_Exercise_
When you restate the data, keep every word as it is and drop the images.

== Information shown ==

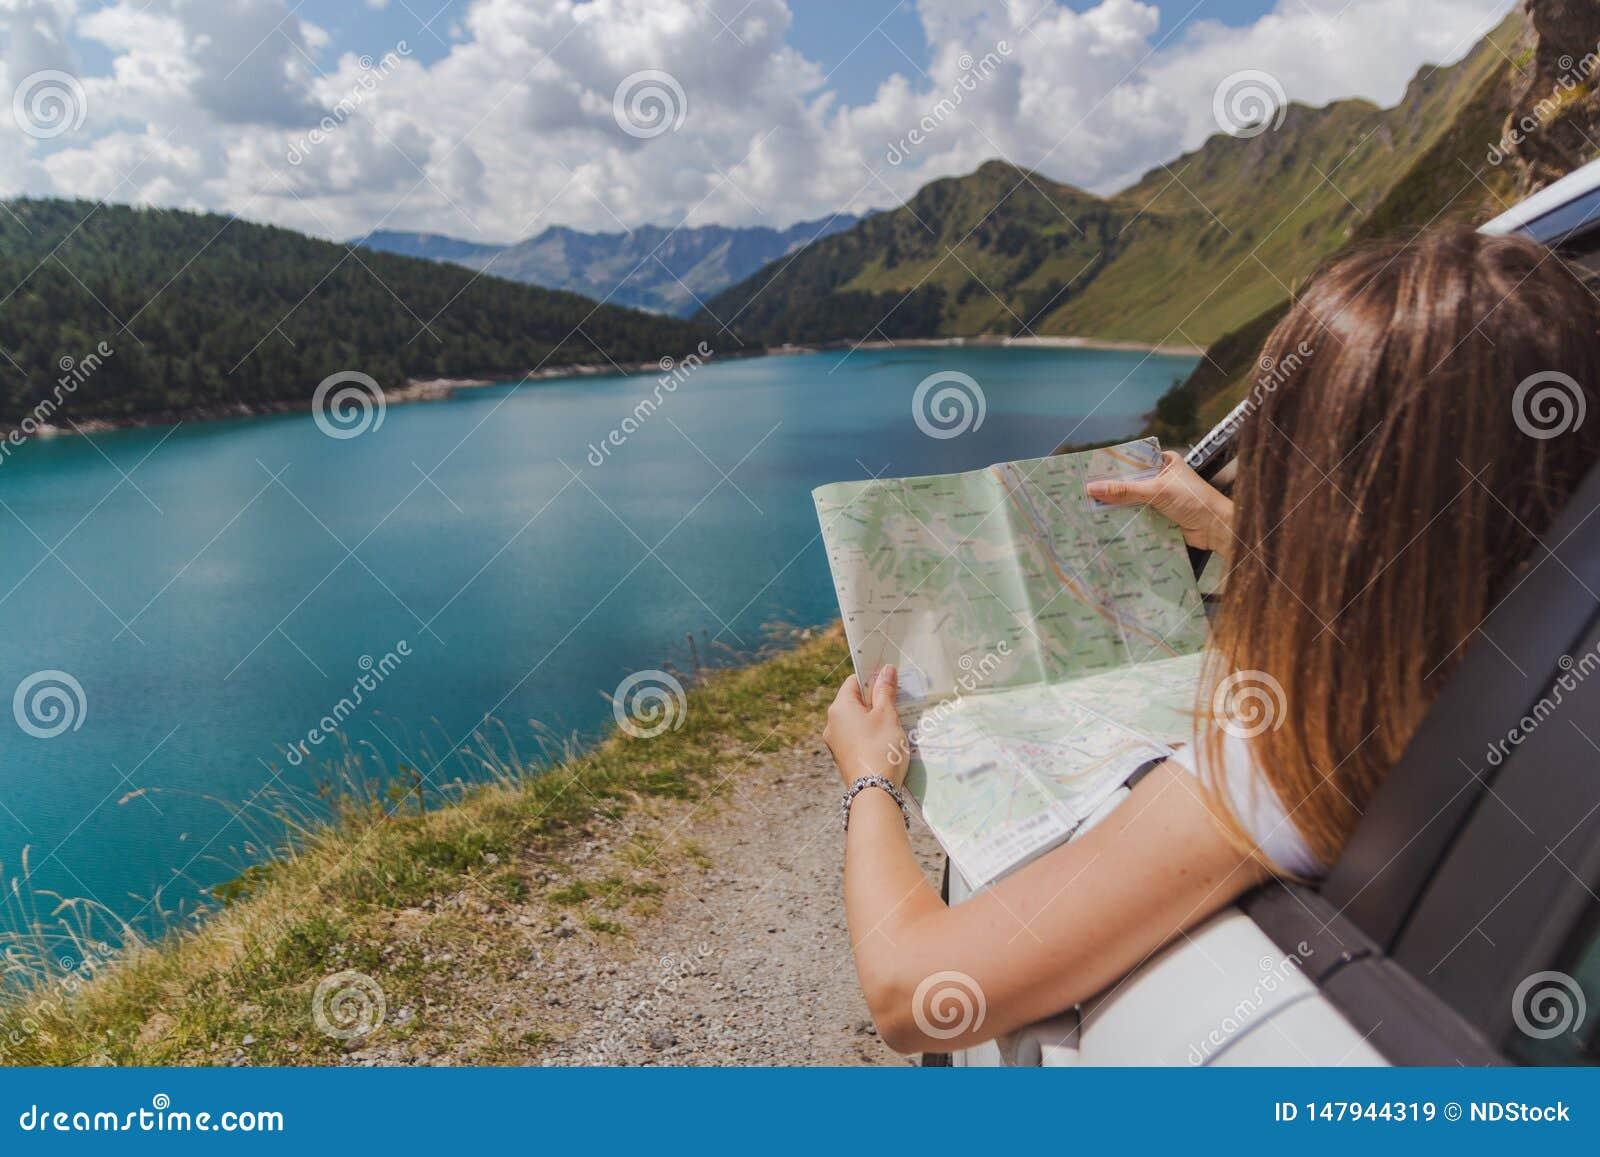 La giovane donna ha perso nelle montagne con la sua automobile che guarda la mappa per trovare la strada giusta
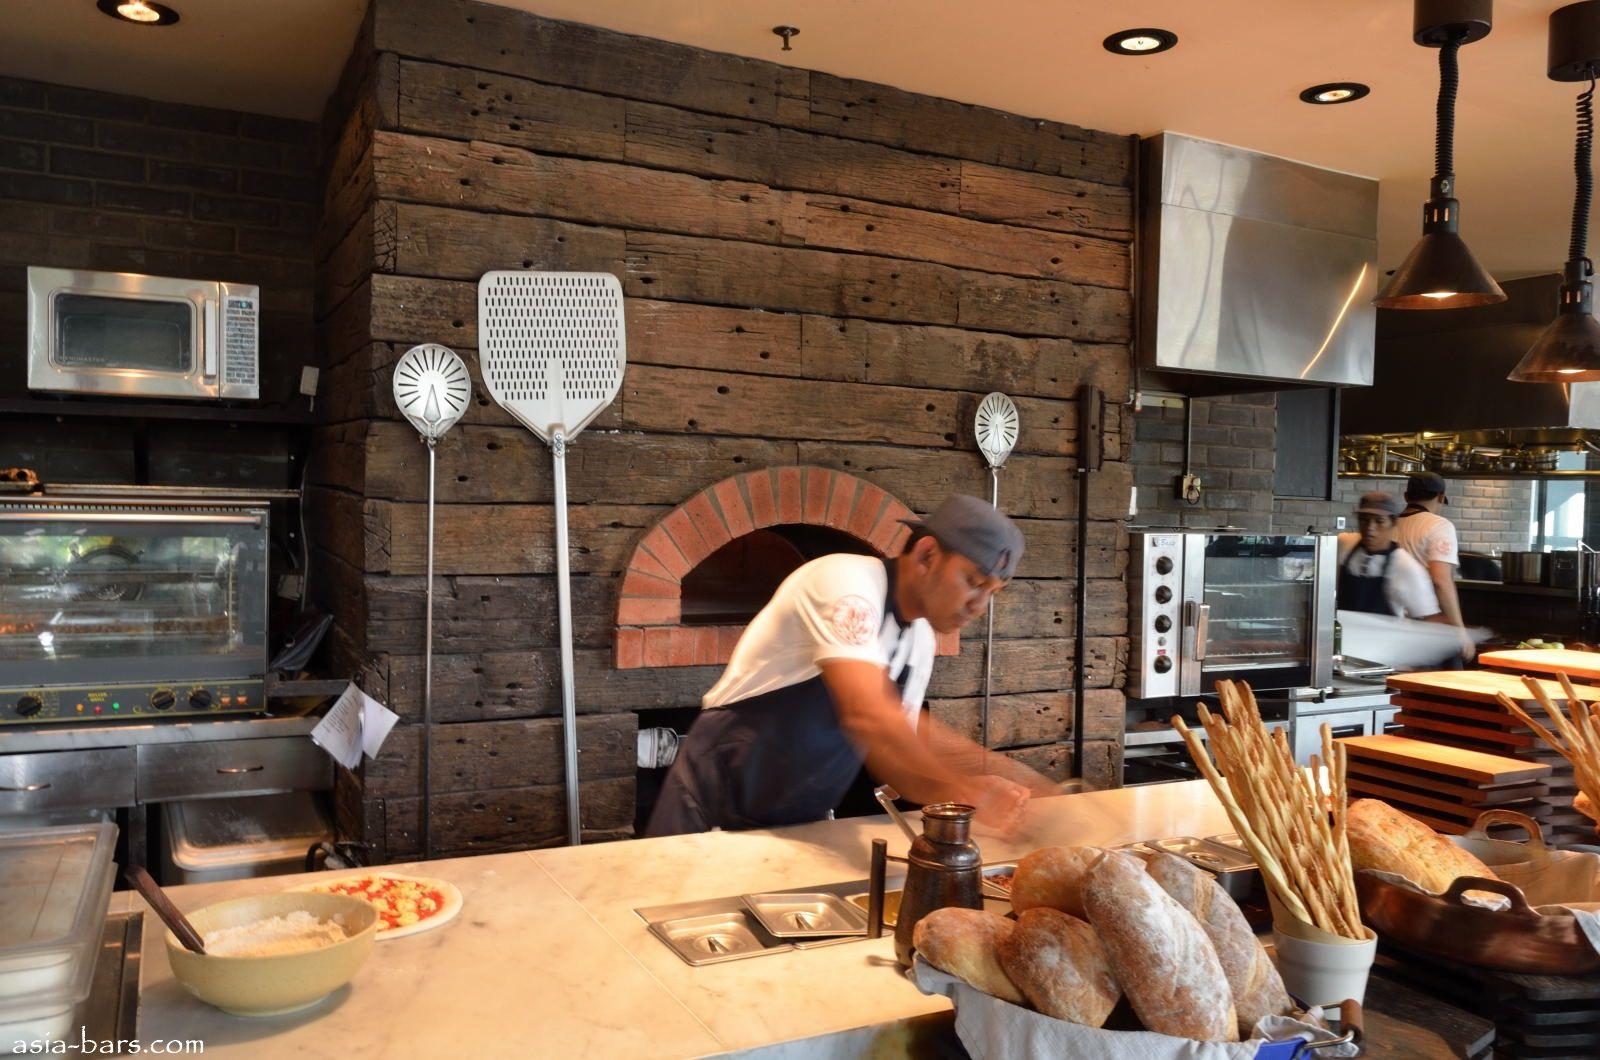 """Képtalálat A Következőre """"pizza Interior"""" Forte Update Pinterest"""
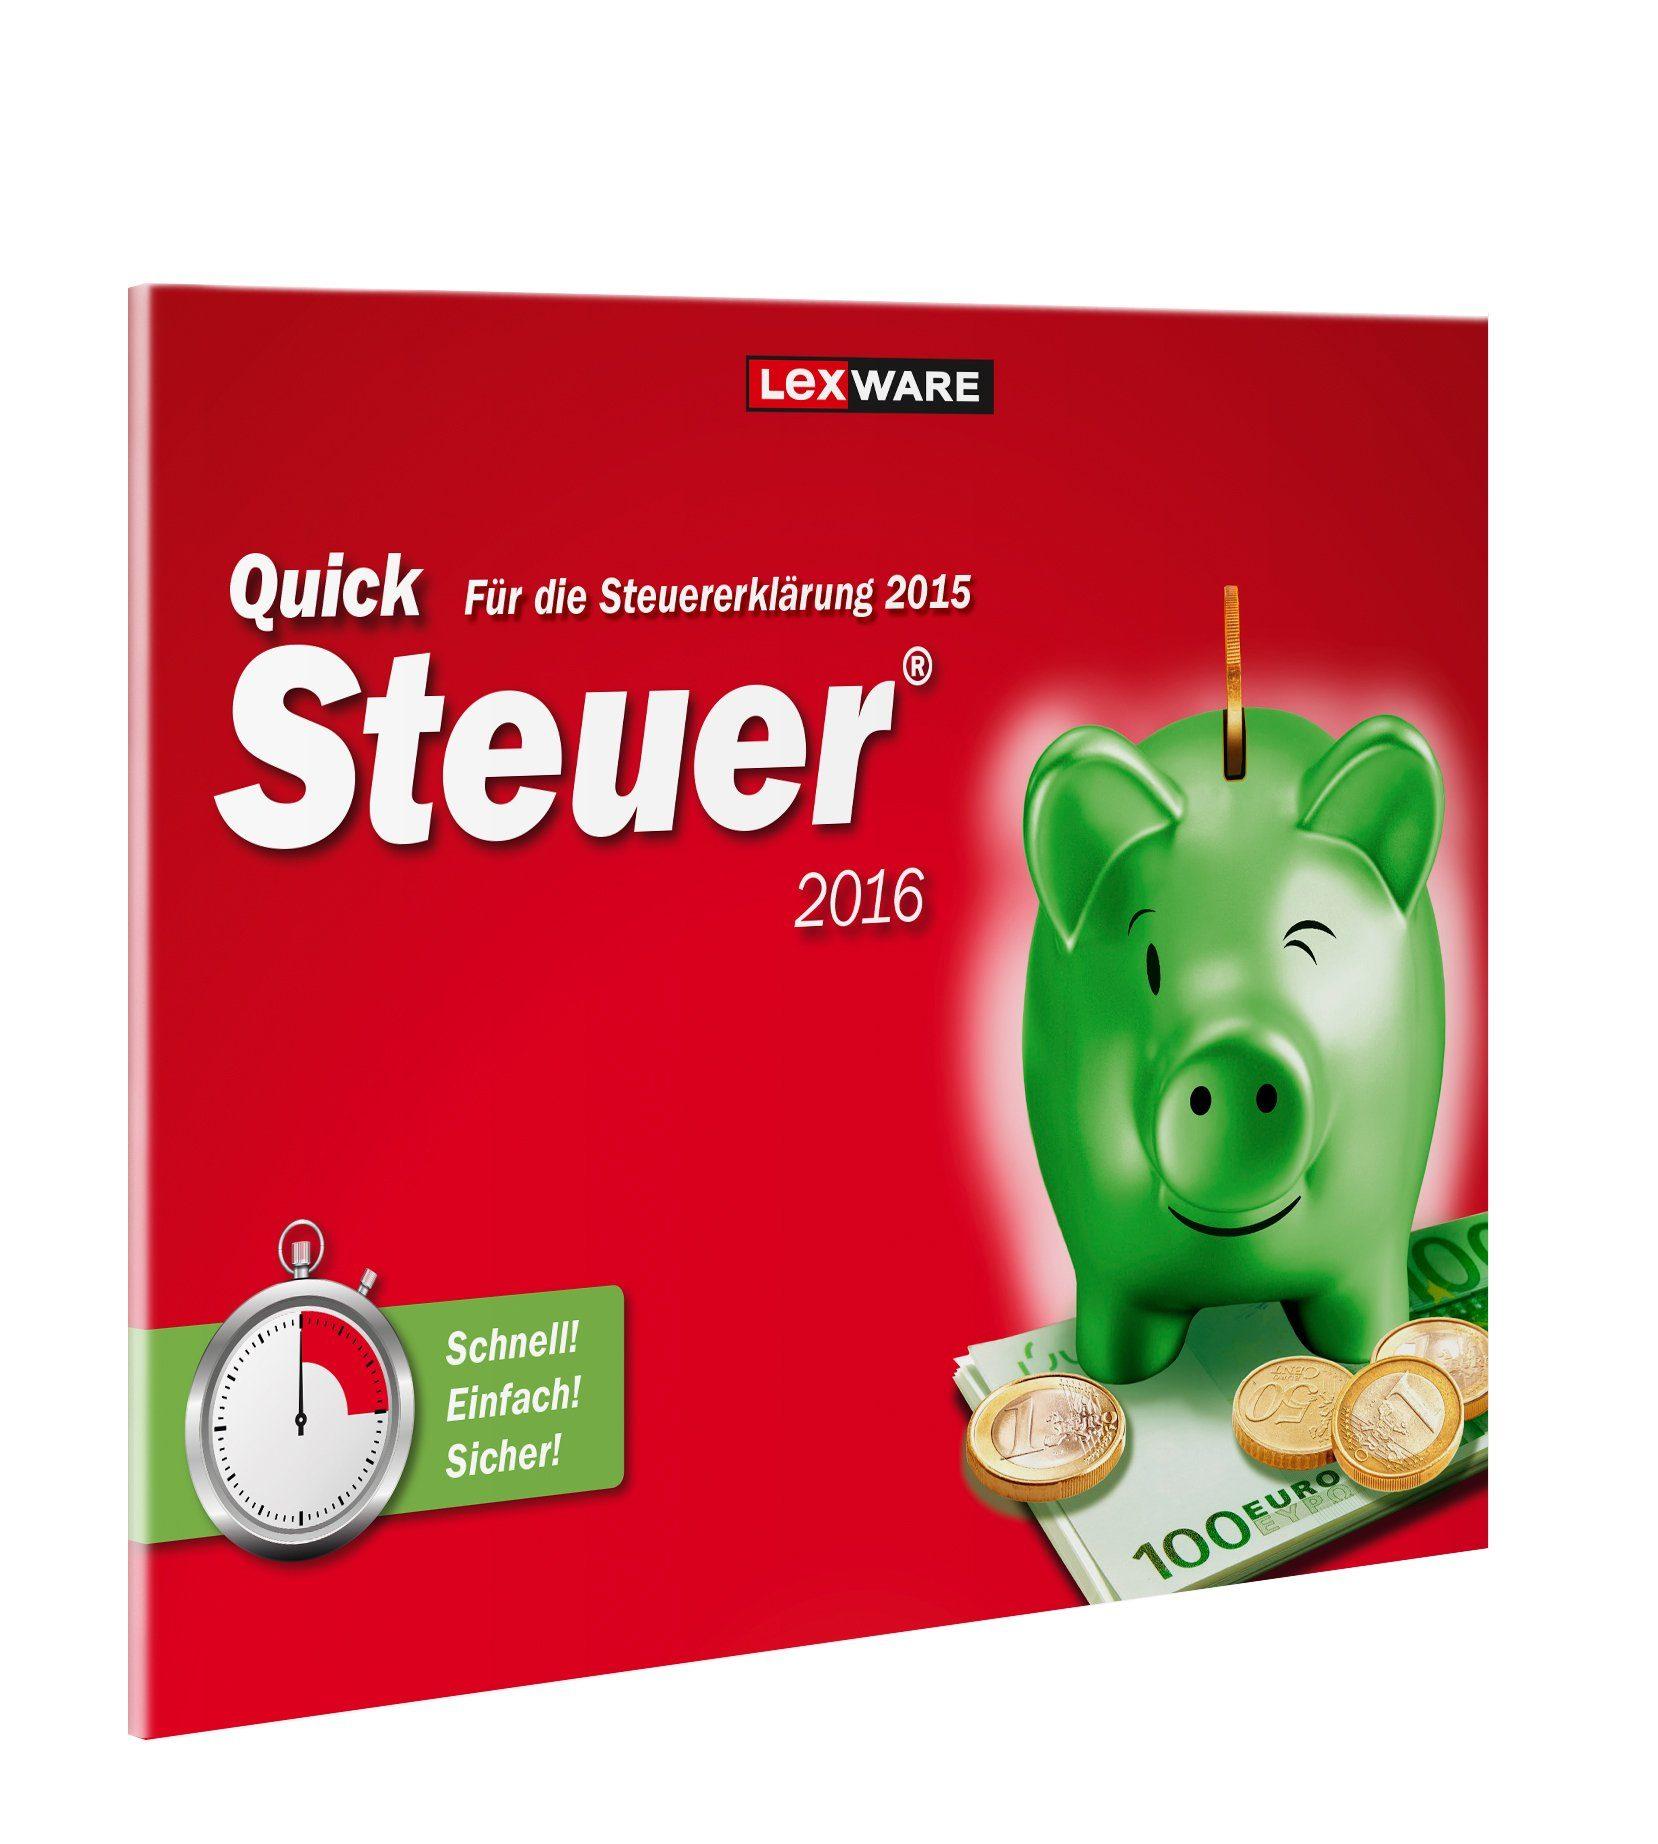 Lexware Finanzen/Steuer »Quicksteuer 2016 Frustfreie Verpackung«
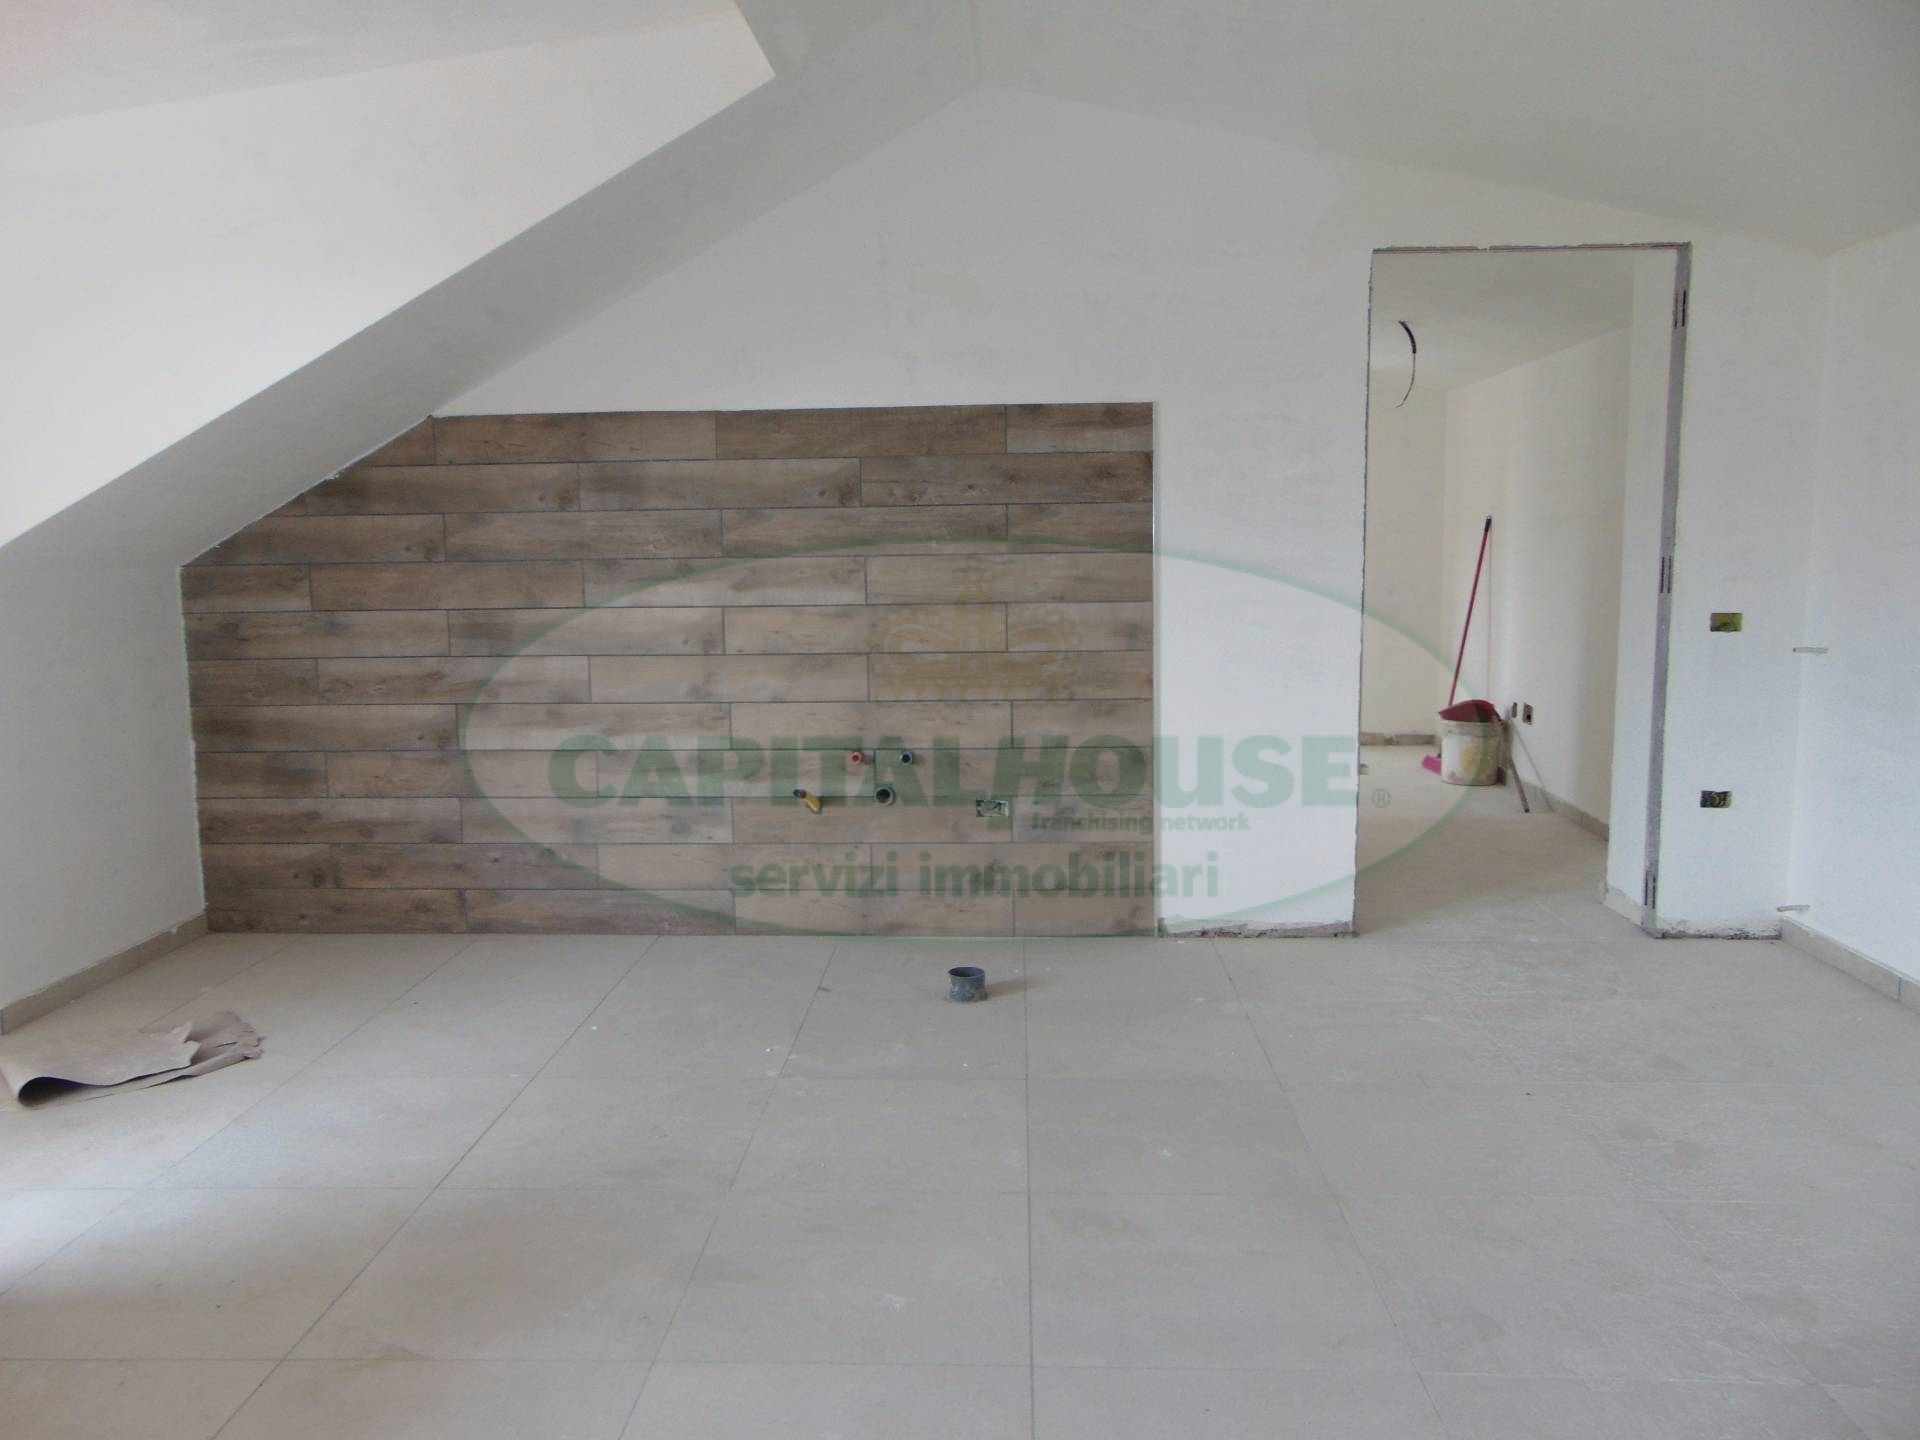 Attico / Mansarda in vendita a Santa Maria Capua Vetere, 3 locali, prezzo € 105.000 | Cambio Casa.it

===

_Response below_
 La giovane donna ha perso nelle montagne con la sua automobile che guarda la mappa per trovare la strada giusta
 """Képtalálat A Következőre """"pizza Interior"""" Forte Update Pinterest"""
 Lexware Finanzen/Steuer »Quicksteuer 2016 Frustfreie Verpackung«
 Attico / Mansarda in vendita a Santa Maria Capua Vetere, 3 locali, prezzo € 105.000 | Cambio Casa.it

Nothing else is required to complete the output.